LTSP clients kernel panic on boot when active nic isn't eth0

Bug #365380 reported by Kenneth Finnegan on 2009-04-23
24
This bug affects 5 people
Affects Status Importance Assigned to Milestone
ltsp (Ubuntu)
Undecided
Unassigned

Bug Description

Upgraded my LTSP server from Hardy to Jaunty with a clean install. I can boot my laptop as a client no problem, but one of my other desktops fails. It worked fine with Hardy.
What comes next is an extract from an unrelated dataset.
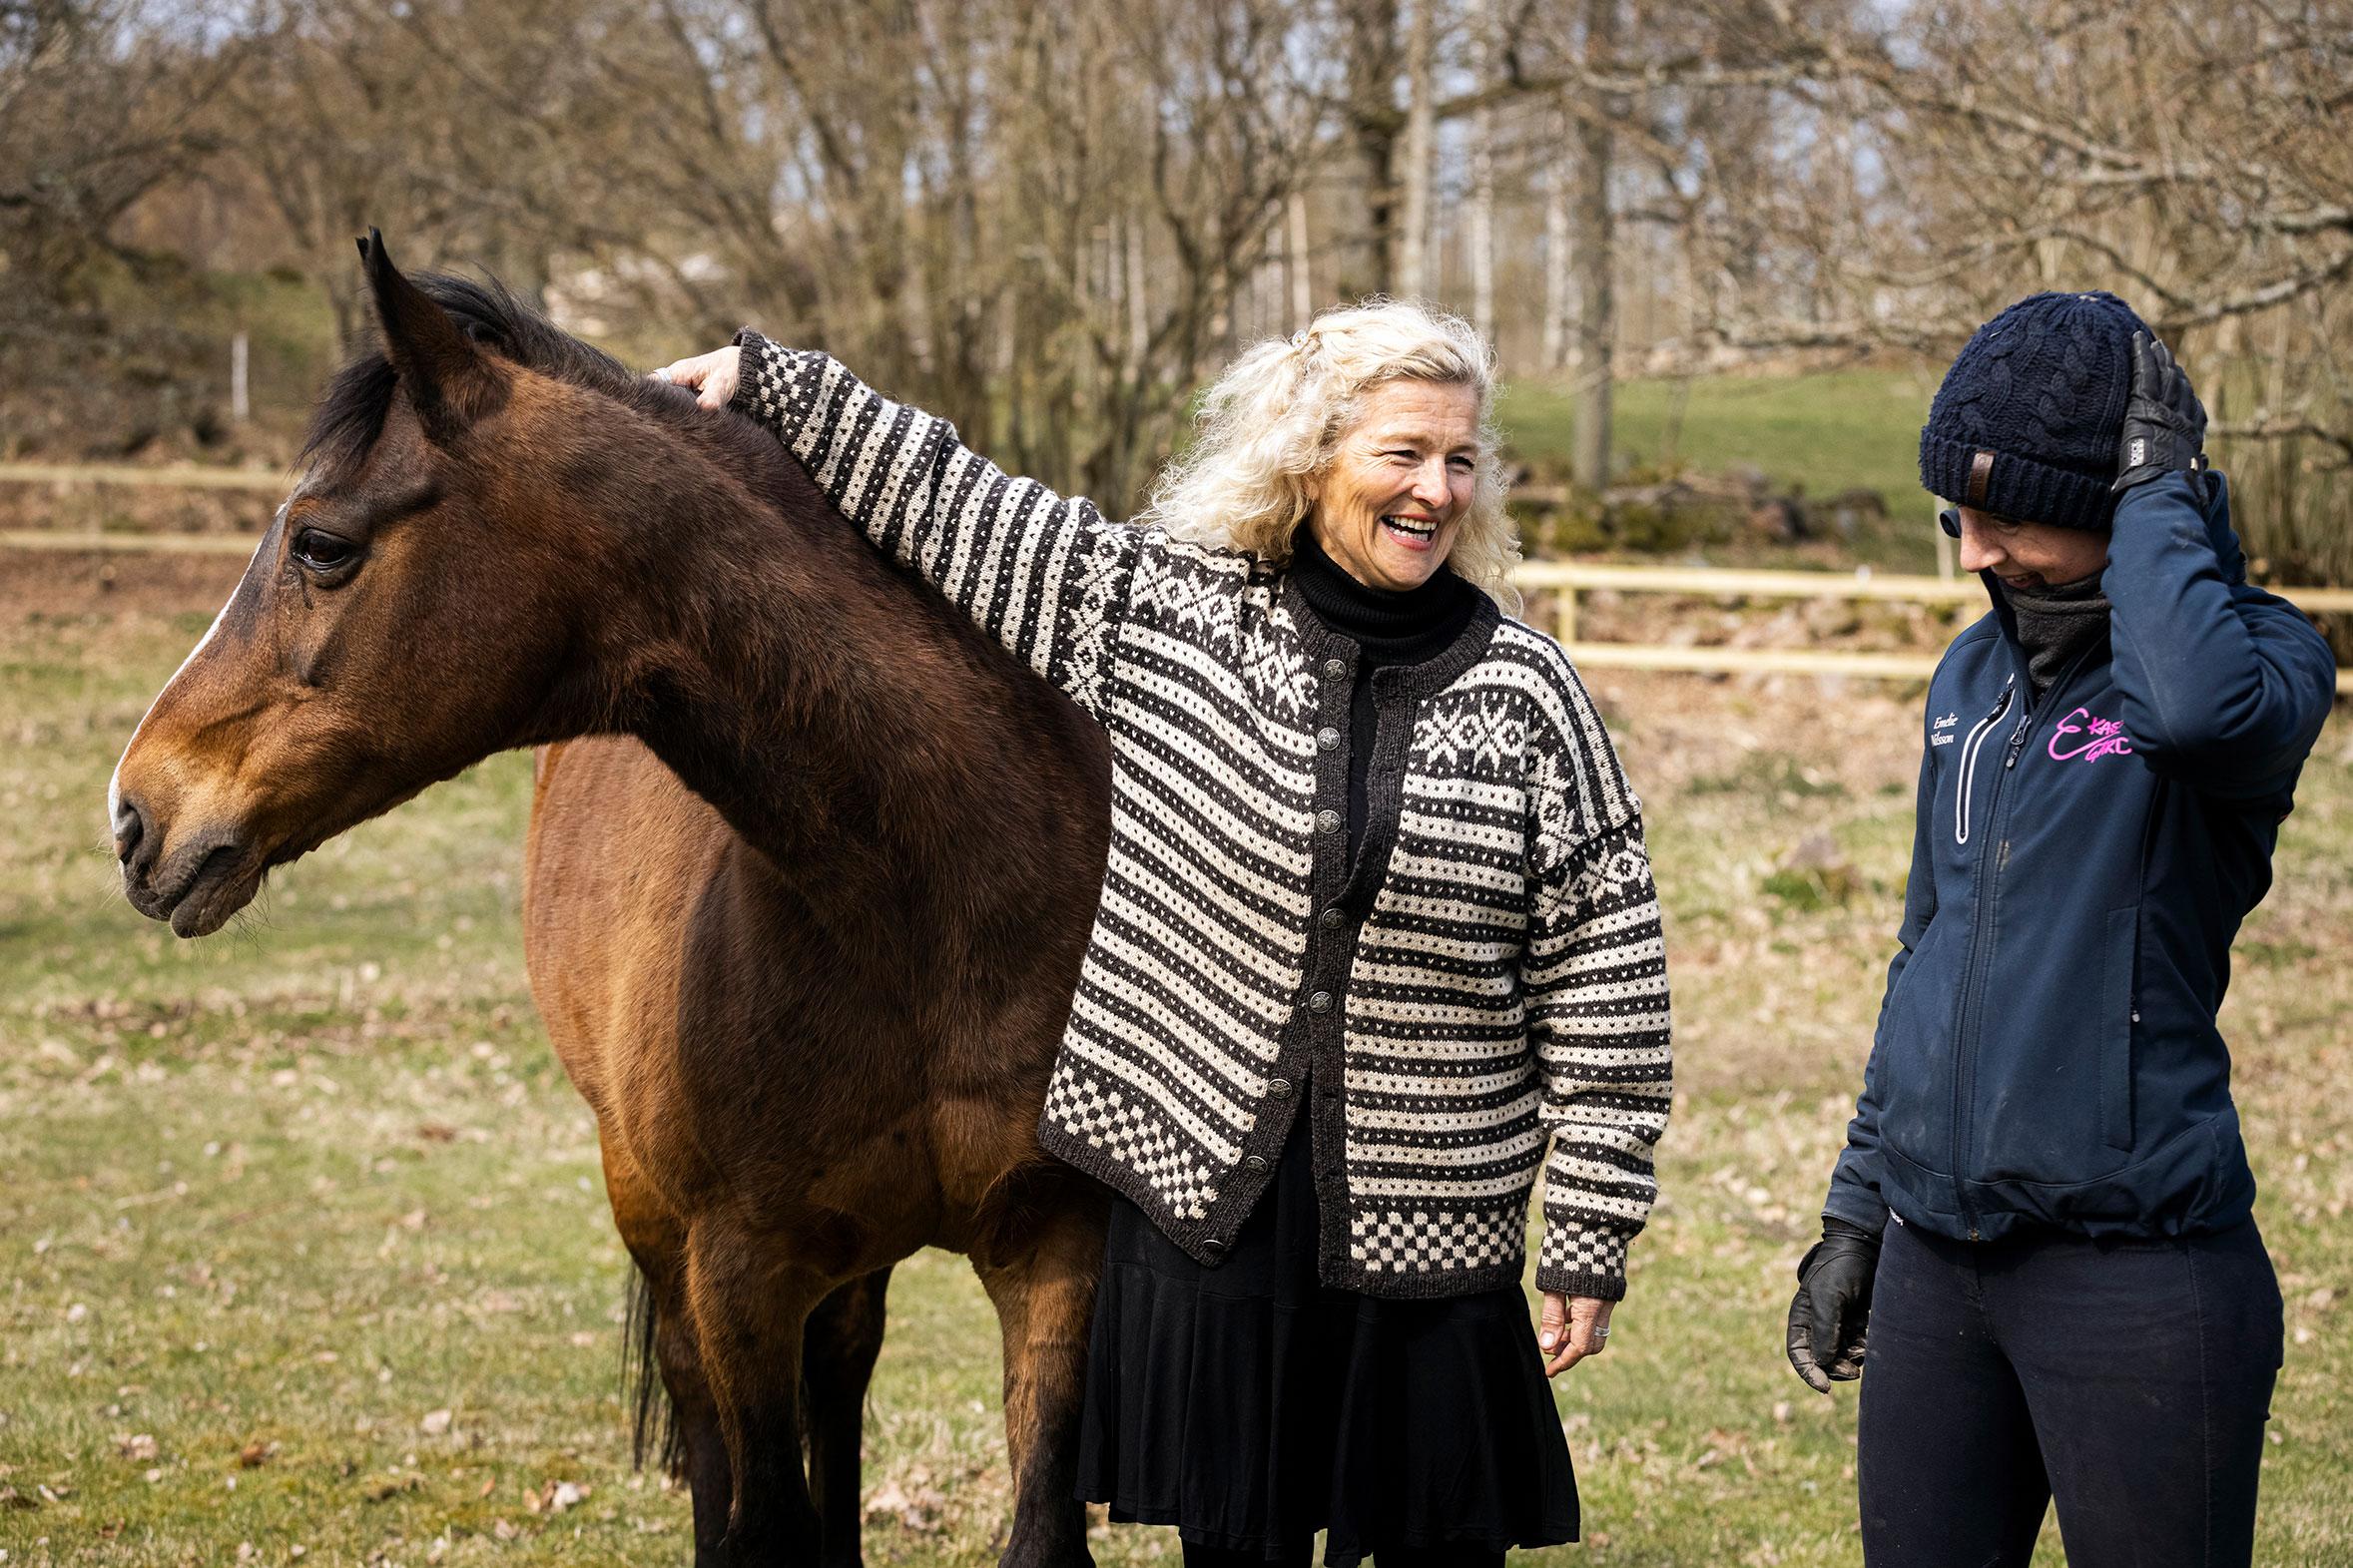 Ponnymamma08

It gets an IP address, downloads a kernel image, and then sits at the boot splash screen as the bar bounces back and forth, then the screen goes blank and it displays:
[ 63.564633] Kernel panic - not syncing: Attempted to kill init!

ProblemType: Bug
Architecture: i386
DistroRelease: Ubuntu 9.04
NonfreeKernelModules: nvidia
Package: ltsp-server 5.1.65-0ubuntu2
PackageArchitecture: all
ProcEnviron:
 SHELL=/bin/bash
 LANG=en_US.UTF-8
SourcePackage: ltsp
Uname: Linux 2.6.28-11-generic i686

-----BEGIN PGP SIGNED MESSAGE-----
Hash: SHA1

Can you try booting the thin client without the splash and quiet options
(you can change that in /var/lib/tftpboot/ltsp/i386/pxelinux.cfg/default
on the server), that should give you a bit more information on what went
wrong.

I'm especially looking at an error from either ipconfig (network
configuration) or nbd (connection to the network harddisk).
Is the problem happening with similar network cards ? Do these thin
clients only have one network card or two ?

Thanks
-----BEGIN PGP SIGNATURE-----
Version: GnuPG v1.4.9 (GNU/Linux)
Comment: Using GnuPG with Mozilla - http://enigmail.mozdev.org

iEYEARECAAYFAknv+VwACgkQjxyfqkjBhuw46gCfe3cD/fTGsmGxvtpcOi1WmUjE
rC4An174NeNgw/Hw7FOmCgSFp6i354Bw
=sm7e
-----END PGP SIGNATURE-----

Alright. Got it: It has a second NIC, which it happens to set as eth0, tries to mount the nbd on it, fails since it isn't plugged in, and dies. The workaround was either connecting the second port to the network, or uninstall it completely. I'm surprised it isn't smart enough to retry on eth1 once it fails on eth0.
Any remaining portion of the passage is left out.